I've been running low 1:35's and high 1:34's around Laguna. Ask me questions so I can get answers.
 
Last edited:
Outside front tyre burning is, as far as I know, that you turn too much and you can't get rid of it...

If you use ABS 1 then I don't see a reason for the LSD braking anything higher than 10, most 5 is good too.
 
Try these 1 at a time, or combine as many as you need to get a feel for which ones you like.

Rear LSD Initial down to 10, or 8
Rear LSD DeAccel @ 5 or 7
Brake Bias @ 6 / 8
Toe: 0.00 / 0.00
Move the ballast to -50
Increase front Ride height to -47
Torque Split to 20/80
Then increase the front sway bar to 5 or 6 to see what happens.

Shocks are a huge part, but they are my weak point, so I can't advise on that aspect.
Combine a few of the above and see what works. I'd recommended getting rid of the ballast unless you need it for a restriction of some sort.
 
It could be your brake balance and spring rate combination. The low spring rate could be forcing all of the weight of the car onto that outside front tire. Try stiffening the front springs a little and lowering the brake balance numbers. It might help... it might not.
 
Alright...

Currently this is where I'm at.

Ford RS 200
407HP
307 Ft/lbs
1197KG (I have 17kg of ballast at -30)
500PP
Sports Softs
No downforce.

Transmission:
1st: 2.801
2nd: 2.000
3rd: 1.550
4th: 1.250
5th: 0.994
Final: 4.200
Top Speed: 174 in the box, 165 on the chart.

Torque Split: 25/75

LSD: Front: 5/5/5 Rear: 12/12/18

Suspension:
Ride Height: -47/-53
Spring Rates: 6.0/9.1
Damp Extend: 3/4
Damp Compress: 2/3
ARB's: 6/4
Camber: -2.0/-1.5
Toe: 0.00/+0.01

Brakes: 9/6

This tune has me running a 1:34.189 at Laguna on Sports Softs at 500PP. For now... I'll call it something to use and base other tunes off of?

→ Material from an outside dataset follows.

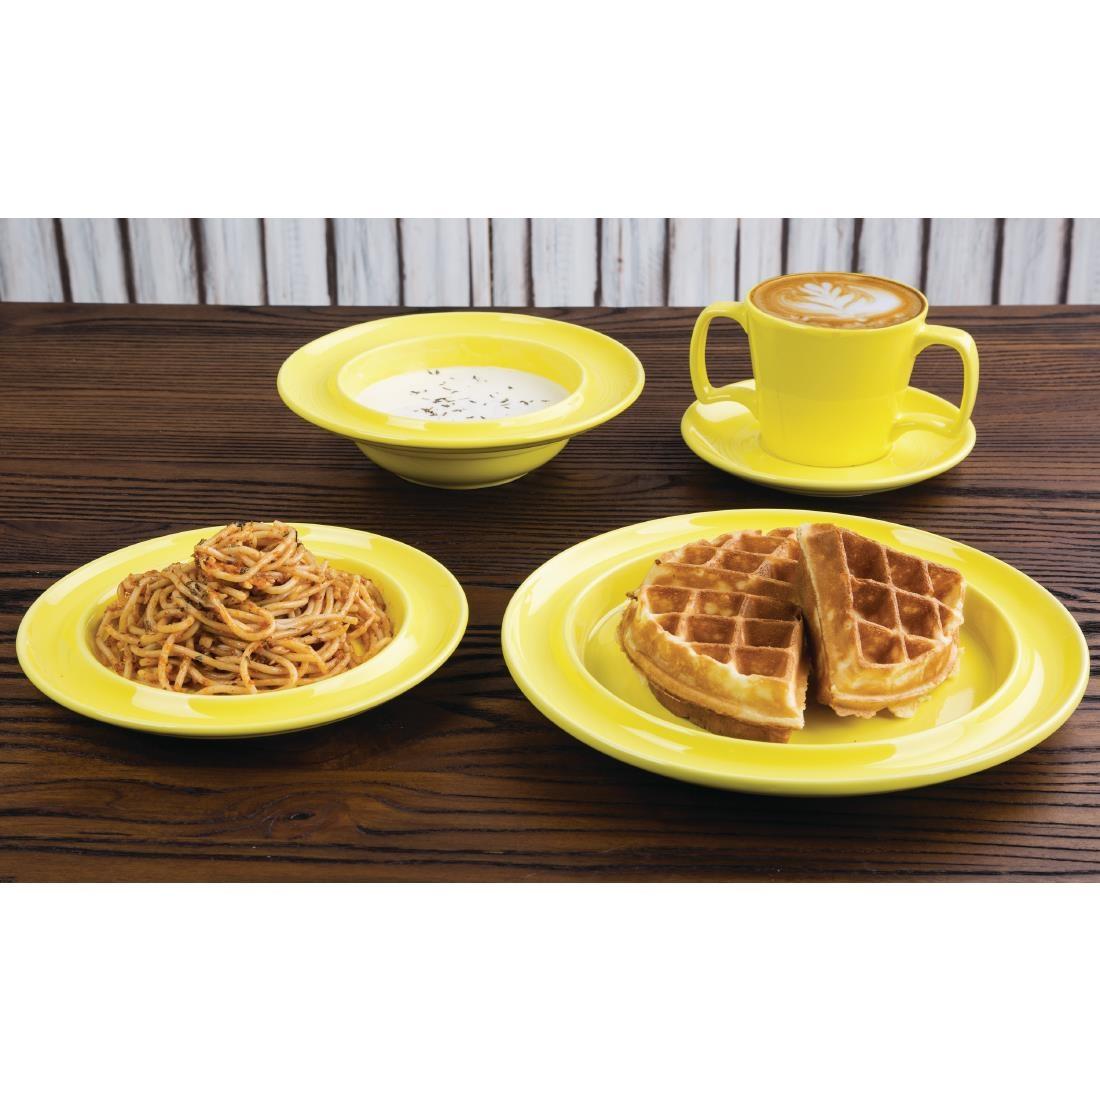 Olympia Heritage Double Well Saucers Yellow 163mm (Pack of 6) - DW151  - 6

As far as I've seen, theres only 2 other tunes out there. Both were less than spectacular, and one was on this site. Not trying to discredit them, but, they just didn't fit my style.

Hopefully... someone will take this and mold it into something great, but for now... this is what I've got.

Thanks to those that gave me some ideas!
 
I don't know if the one you found here was my "Cosworth" but if it was and you didn't like it, I'm wondering why... mine understeers noticably less (and you see understeer as a problem, no?) with the front tyres not going red half as often and the gearbox is something like 99.8% similar. My version detuned to 500PP by limiting the power produced a lap time of 1'32,555 so at least the performance is there.
 
Last edited:
Hmm actually I think it was from madfinn.

Perhaps I'll give it another go since I've probably learned to drive the car a little more by now.

I suspect that I was just thinking it didn't drive like I thought it should've. I have the race here in about an hour, so I think I'll stick with this tune I've setup just because I'm used to it. But I'll be sure to give yours a go again.

Also though... note the power limiter is a bad (I'm sure you've heard this) deal because it means that the car reaches its peak HP and stays at it, instead of being limited to a specific PP or HP. So I think a car that is ballast limited to a PP level will always be slower than a car that is limited to a PP level through the air restrictor. No?
 
Hmm actually I think it was from madfinn.

That would be just mine.

The restrictor acts as you described, yes, but it hardly matters when taking off small amounts of power. When restricting a 700 bhp engine to 350 bhp it surely makes a difference (not necessarily always to the better, mind) but when restricting a 419 bhp engine to 401 bhp it's not even noticable - it just cuts the highest peak. The larger difference comes from the car being lighter and again, the 17 kg you used in a car weighing well over a ton is just about non-existant when it comes to the performance.
 
Last edited:
Back to the different ways of adjusting the PP, I restricted my car to 406 bhp (yours isn't making full power for some reason) and ballasted it to the specified 1197 kg to see if there's a difference. There is, but not to the direction you might have expected - 1'32,465 was clocked.
 
Greycap... For me... your tune feels a little more solid, but I just can't get it into the corners at the same speeds that I can with mine. This may be because of the hodgepodge of parts I have on the car and the ballast to get it to my 500PP requirement, but yours wants to 4 wheel drift on me a lot. This is obviously because I'm taking the corners too fast, but I feel like with the tune I've laid out, I'm getting those results?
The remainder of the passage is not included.